I’m fond of figuring out ways to get to know people. I don’t mean finding out where they’re from and what they do for a living. I mean understanding who they are and what they’re made of. I want to discover their character, not their characterisation, as Robert McKee would put it.

I’ve noticed a few ways of doing this. You can see how they act when under extreme stress. Or you can watch them when there’s no stress, when they’re completely and utterly at ease. You can witness the discrepancies in their responses to different people in different situations. You can come to understand them by the alignment—or non-alignment—between what they say and what they do. You can perceive what they do when they have no time and must choose how to spend the little they have, or what they do when they have all the time in the world. You can know a person by their behaviour around the wealthy, powerful and influential, and by their behaviour around the poor, the weak, and the insignificant. 

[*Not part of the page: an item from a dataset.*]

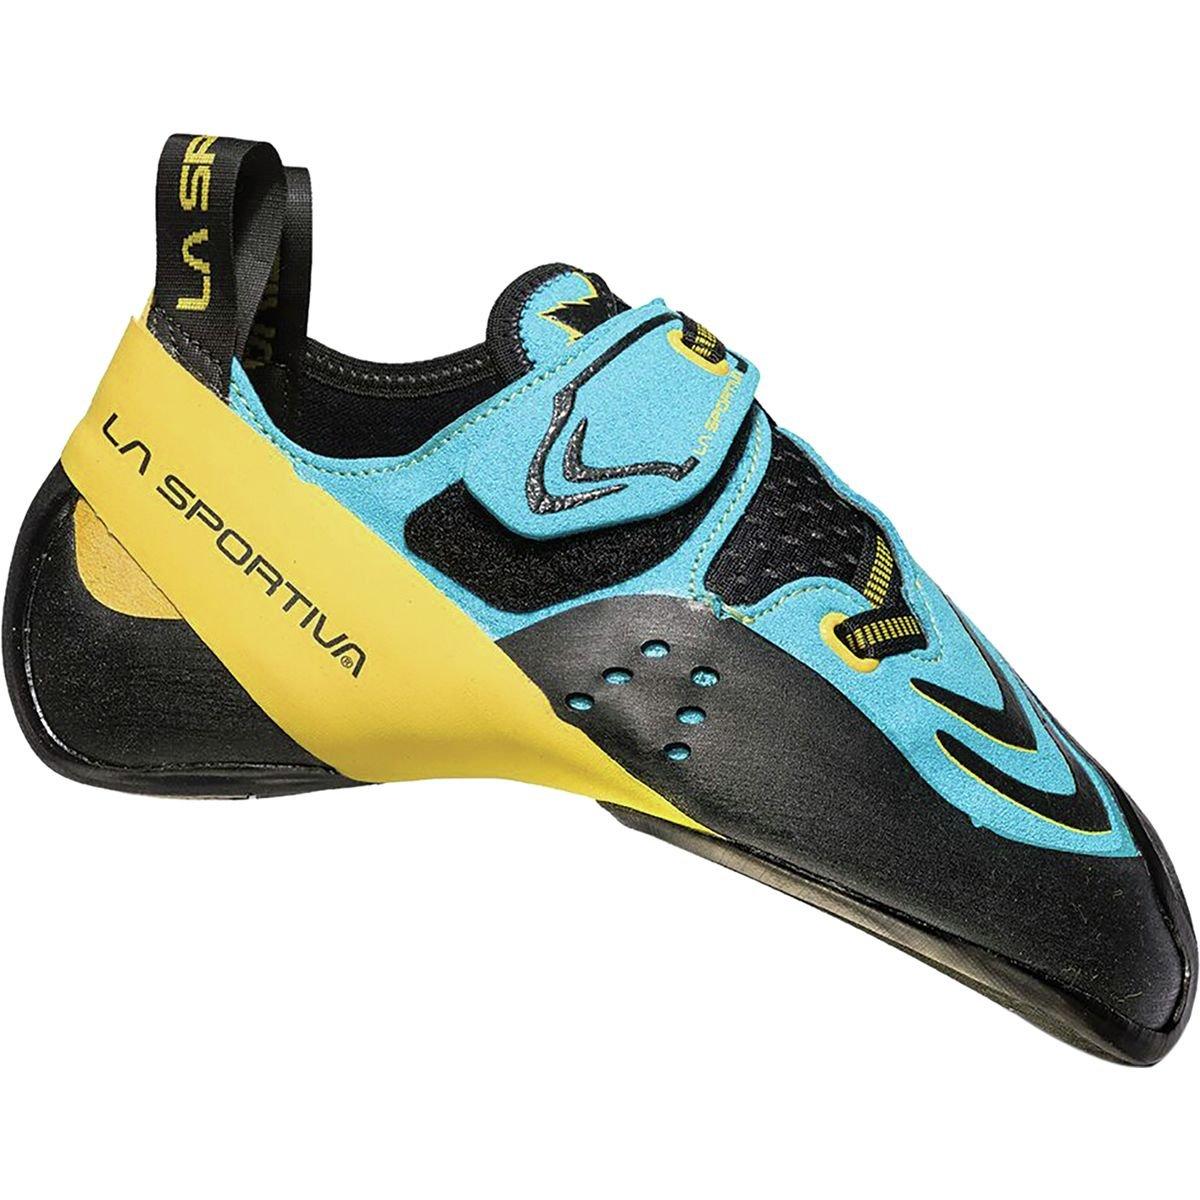 La Sportiva メンズ La Sportiva Futura Rock Climbing Shoe - Men's B071G76WZX 41 M EU|ブルー/イエロー ブルー/イエロー 41 M EU
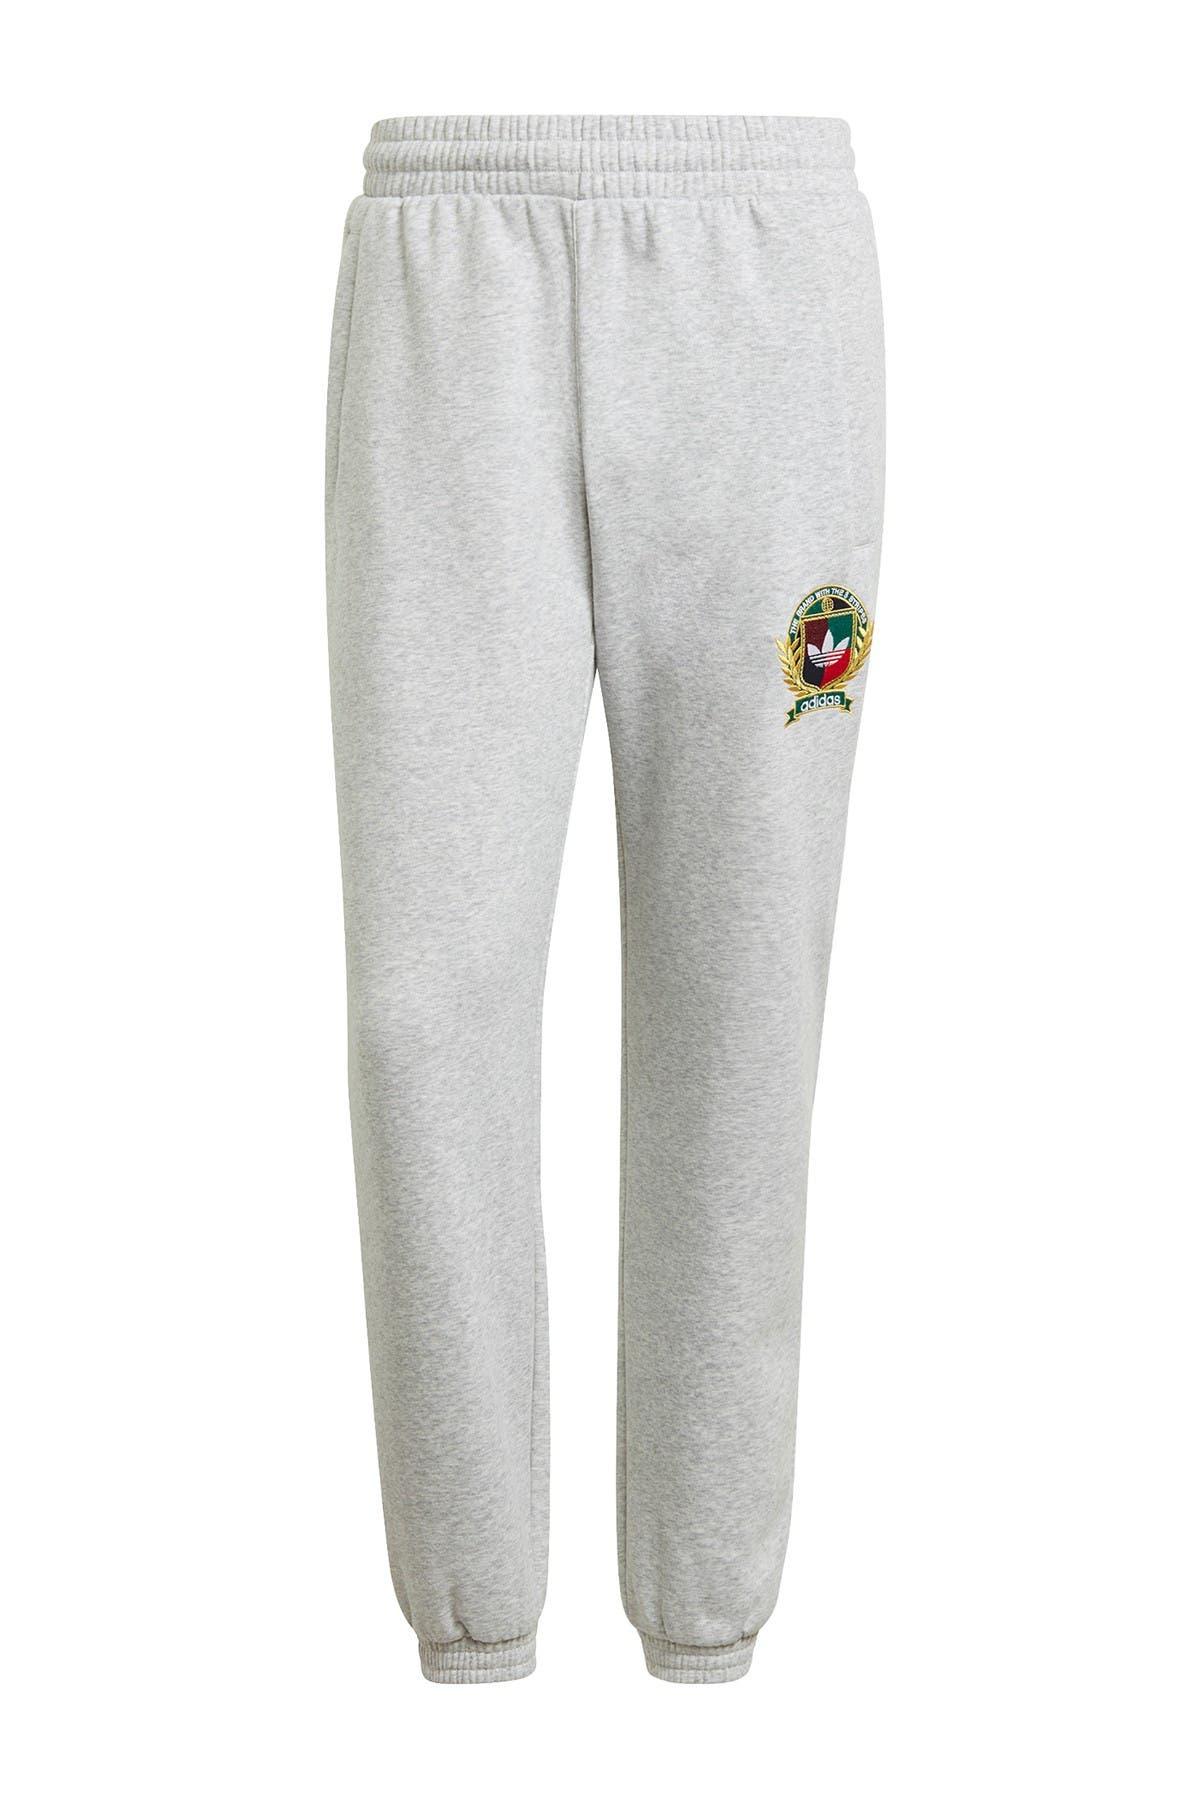 Image of adidas Crest Pants

There are many more I’m sure I’ve forgotten or not even noticed. But there’s one in particular that’s been bouncing around my mind this morning: you can know a person by what they do without thinking.

Conscious thought is a filter for actions and words. It modifies what we do or say according to the present audience. Words and deeds that arise out of slow thought and contemplation are always tainted with the stink of self-consciousness. They are never pure. But if someone acts without thought—instinctively, naturally, and without consideration for how their action will be perceived by others—we can get a window into their soul. 

It is without thinking that the greatest and most terrible acts of humanity are undertaken. The soldier who dives on an imminently exploding grenade to save his squad members doesn’t think. He does what he feels to be right and proper. And the man who is cruel to his dog, who slaps him on the nose for daring to bark at the wrong moment, displays his disdain and cruelty unwittingly. 

So that’s another way in which you can come to know an individual. Ask yourself, what do they do when they don’t think? How do they act when they don’t think about the action?